Aim of the exercise:
Leaving out every picture, copy the lines of the material below exactly, from the line containing "Hermès Pre-Owned 2010" through the line containing "모란(Peonies) by Yun".

Record excerpts:
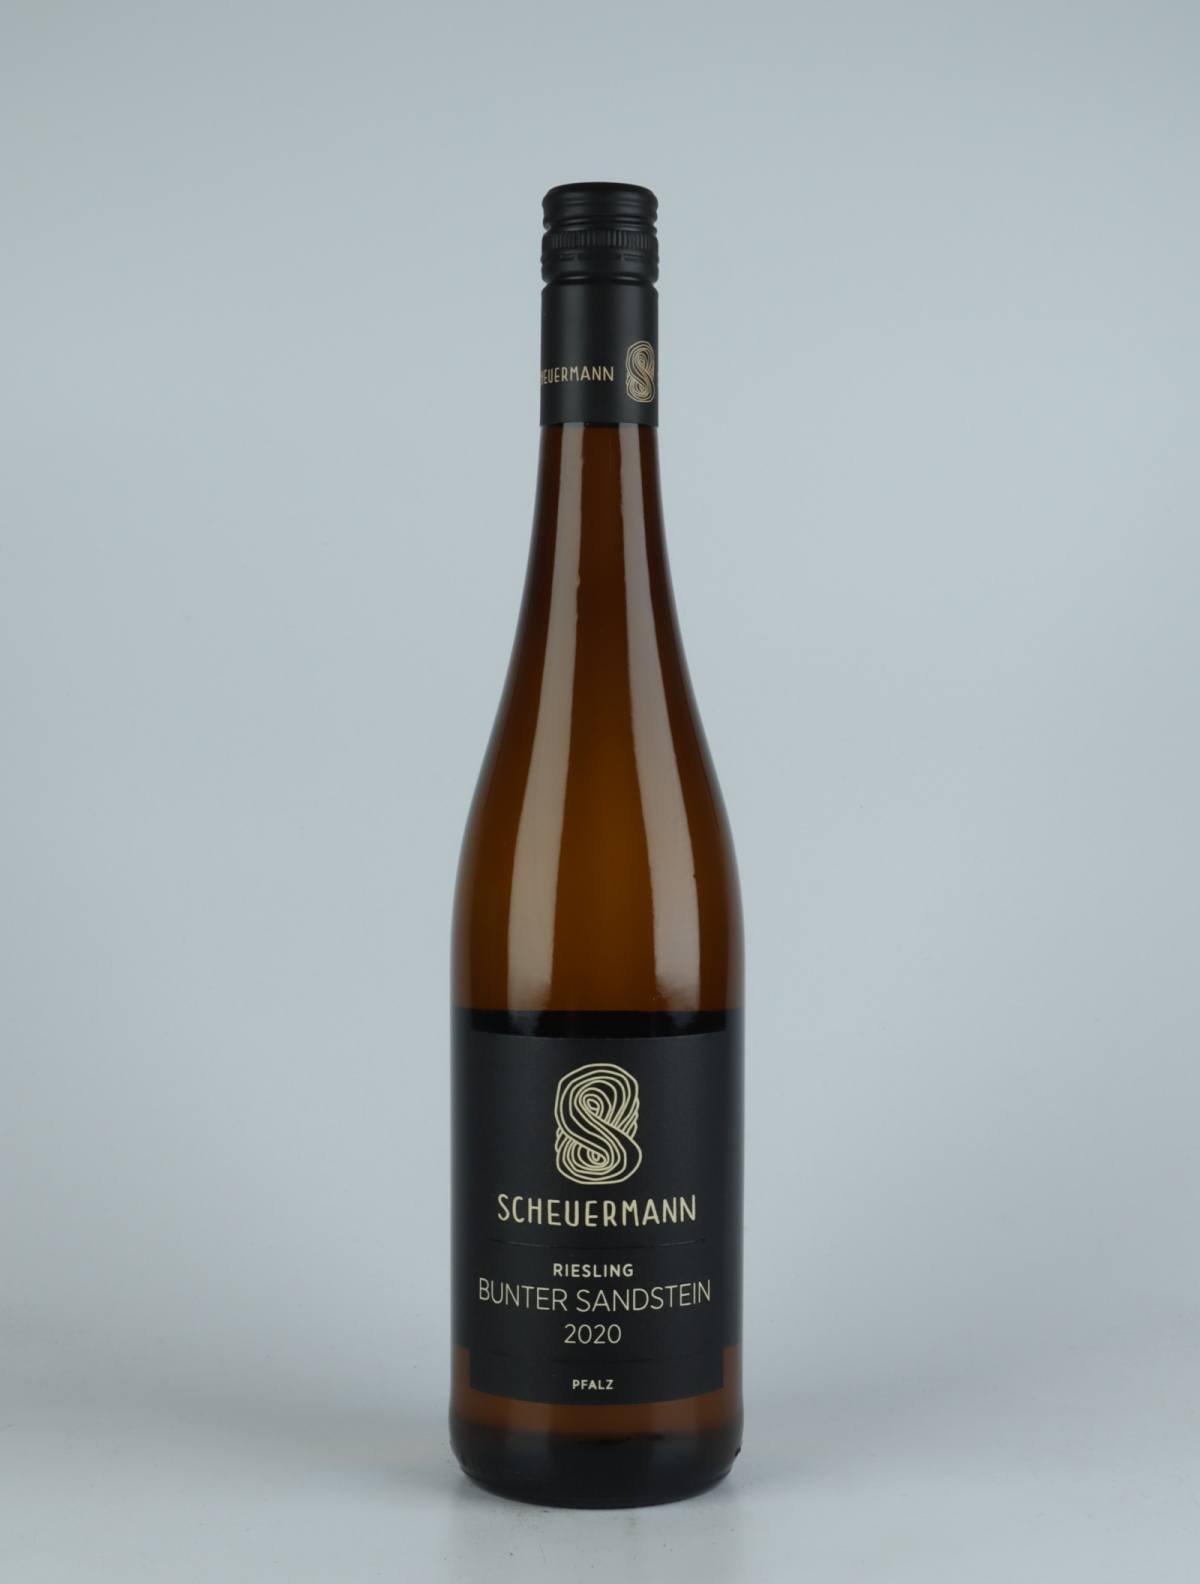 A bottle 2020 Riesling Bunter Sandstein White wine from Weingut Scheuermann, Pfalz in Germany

...

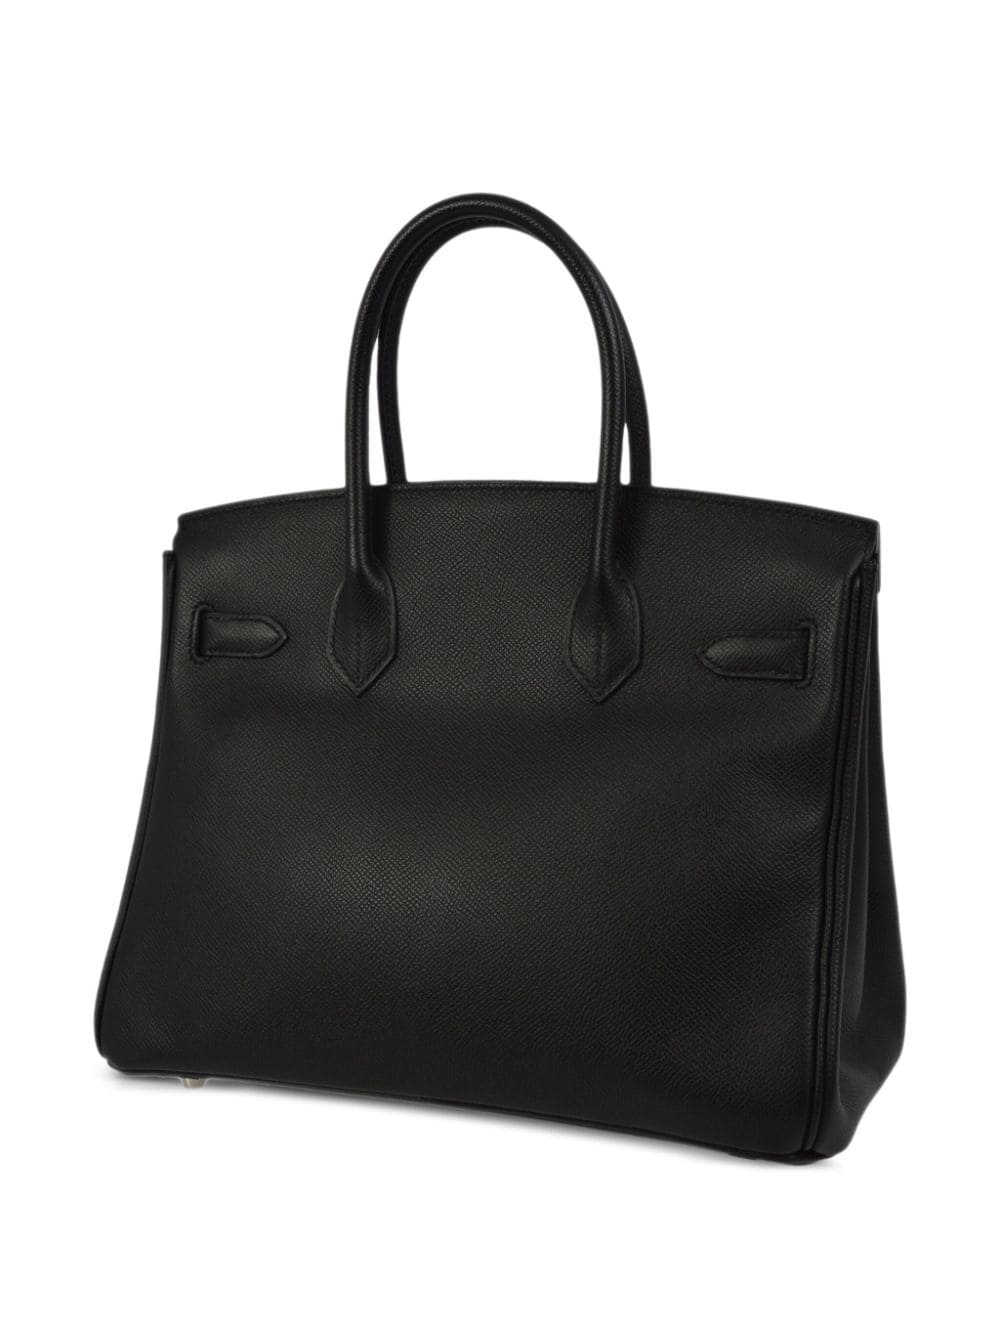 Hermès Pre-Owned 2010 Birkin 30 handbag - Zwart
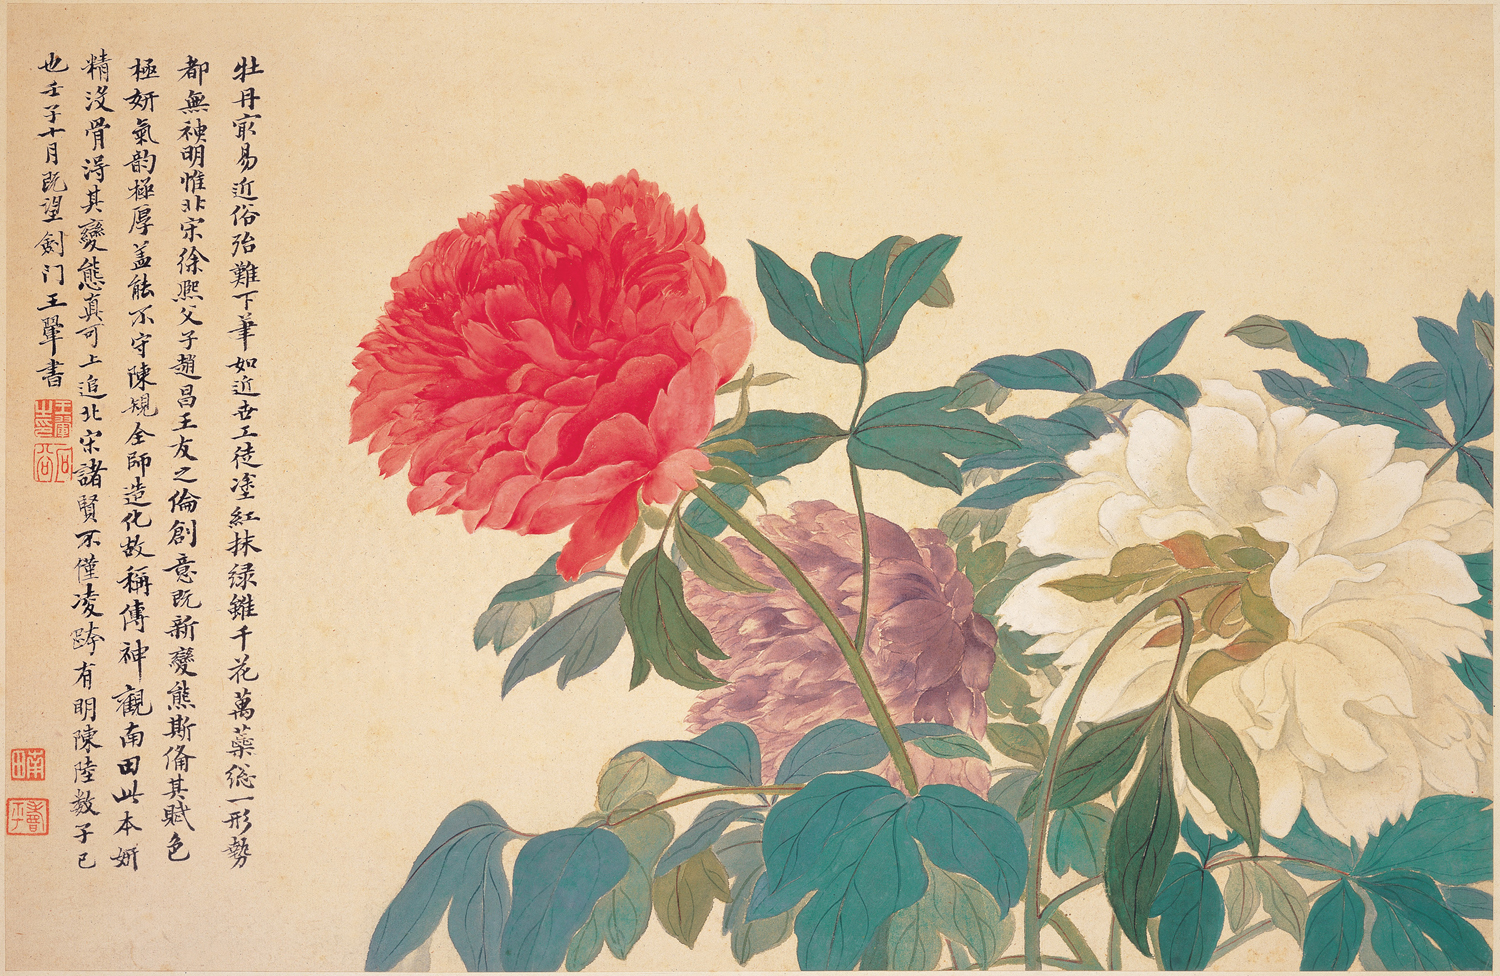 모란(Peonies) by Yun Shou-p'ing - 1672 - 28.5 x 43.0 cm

---

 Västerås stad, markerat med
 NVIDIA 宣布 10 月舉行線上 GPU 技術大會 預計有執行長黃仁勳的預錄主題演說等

Your solution:
 Hermès Pre-Owned 2010 Birkin 30 handbag - Zwart
 모란(Peonies) by Yun Shou-p'ing - 1672 - 28.5 x 43.0 cm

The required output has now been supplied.